** To do **
Every line of the records below from the line with "<p>Artist Comments<br>Artist Nick" up to and including the line with "Annapurna Nepal 20" must be reproduced exactly, and no line outside that range.

** Material shown **
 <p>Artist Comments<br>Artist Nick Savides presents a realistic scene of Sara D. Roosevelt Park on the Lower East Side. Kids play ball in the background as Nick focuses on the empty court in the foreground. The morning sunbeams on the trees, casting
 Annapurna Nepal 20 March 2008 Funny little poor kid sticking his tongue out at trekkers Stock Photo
* * *
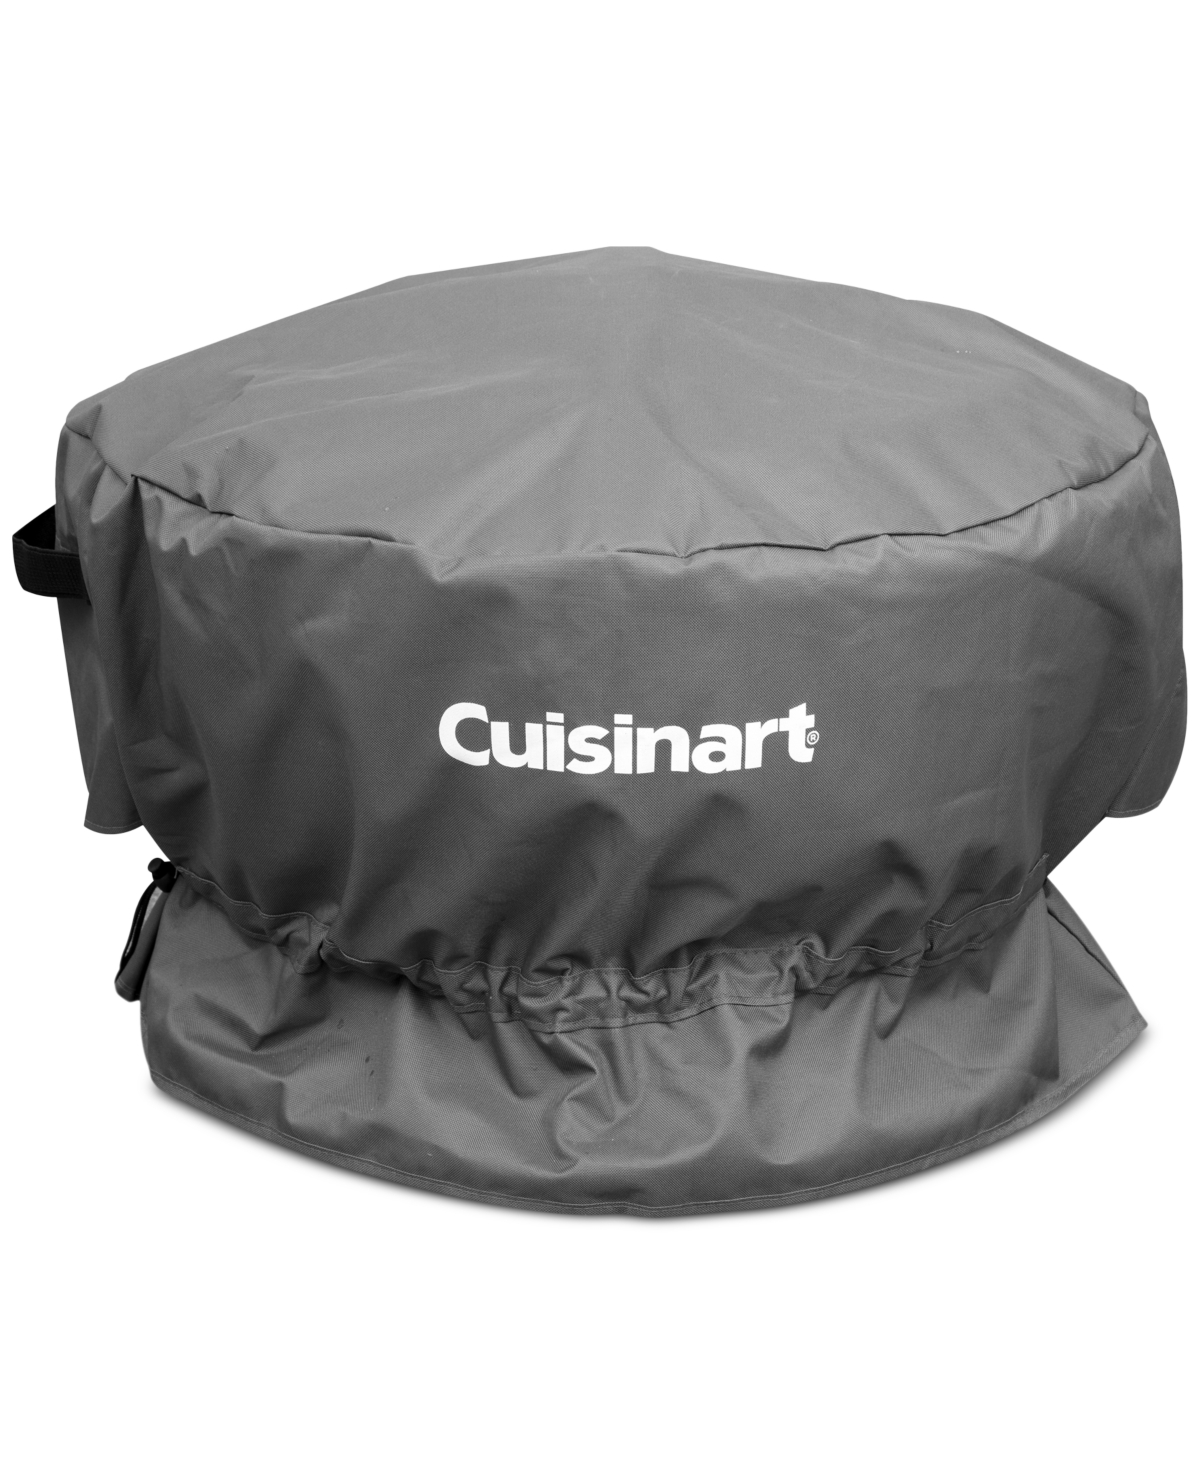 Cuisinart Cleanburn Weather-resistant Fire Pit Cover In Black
==
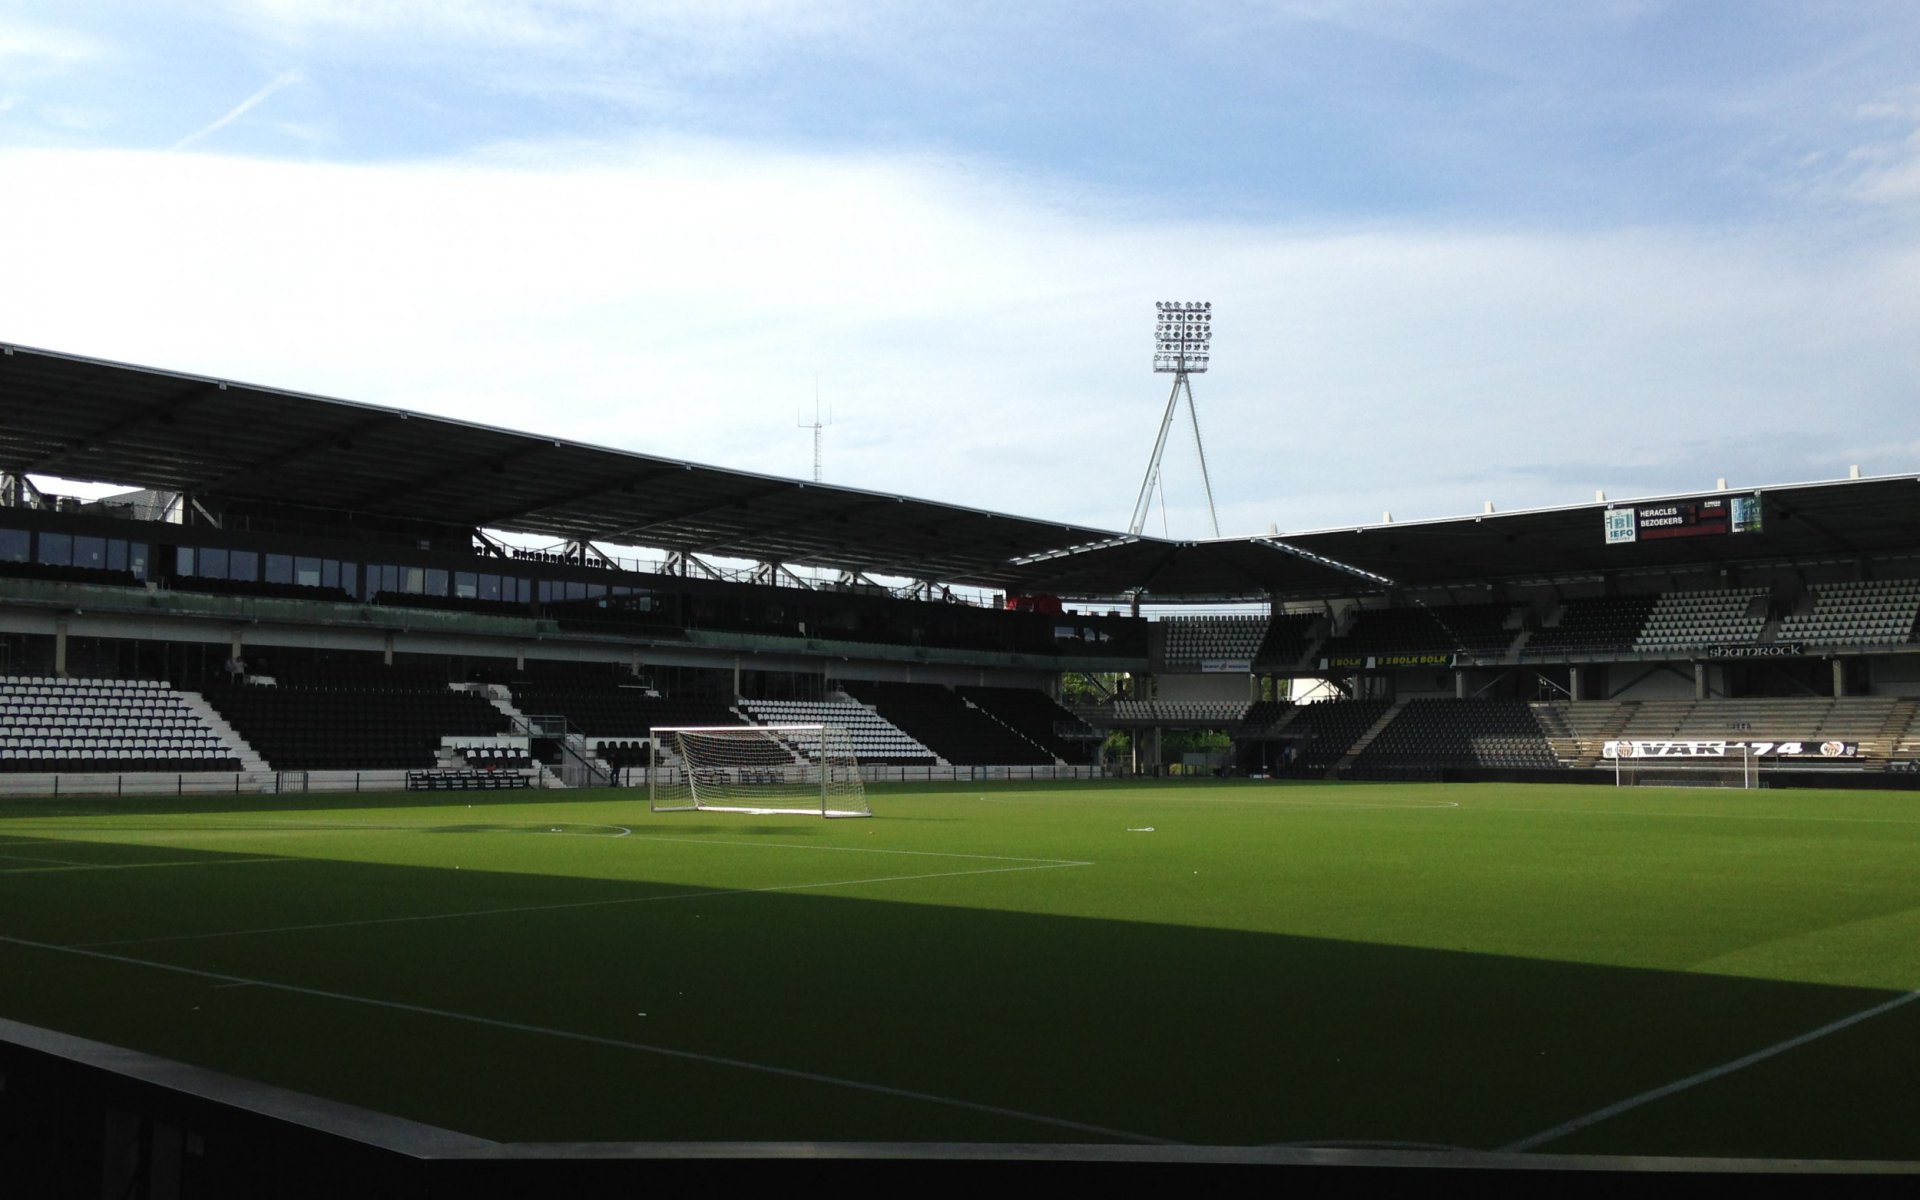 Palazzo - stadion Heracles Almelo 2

** Exercise response **
 <p>Artist Comments<br>Artist Nick Savides presents a realistic scene of Sara D. Roosevelt Park on the Lower East Side. Kids play ball in the background as Nick focuses on the empty court in the foreground. The morning sunbeams on the trees, casting
 Annapurna Nepal 20 March 2008 Funny little poor kid sticking his tongue out at trekkers Stock Photo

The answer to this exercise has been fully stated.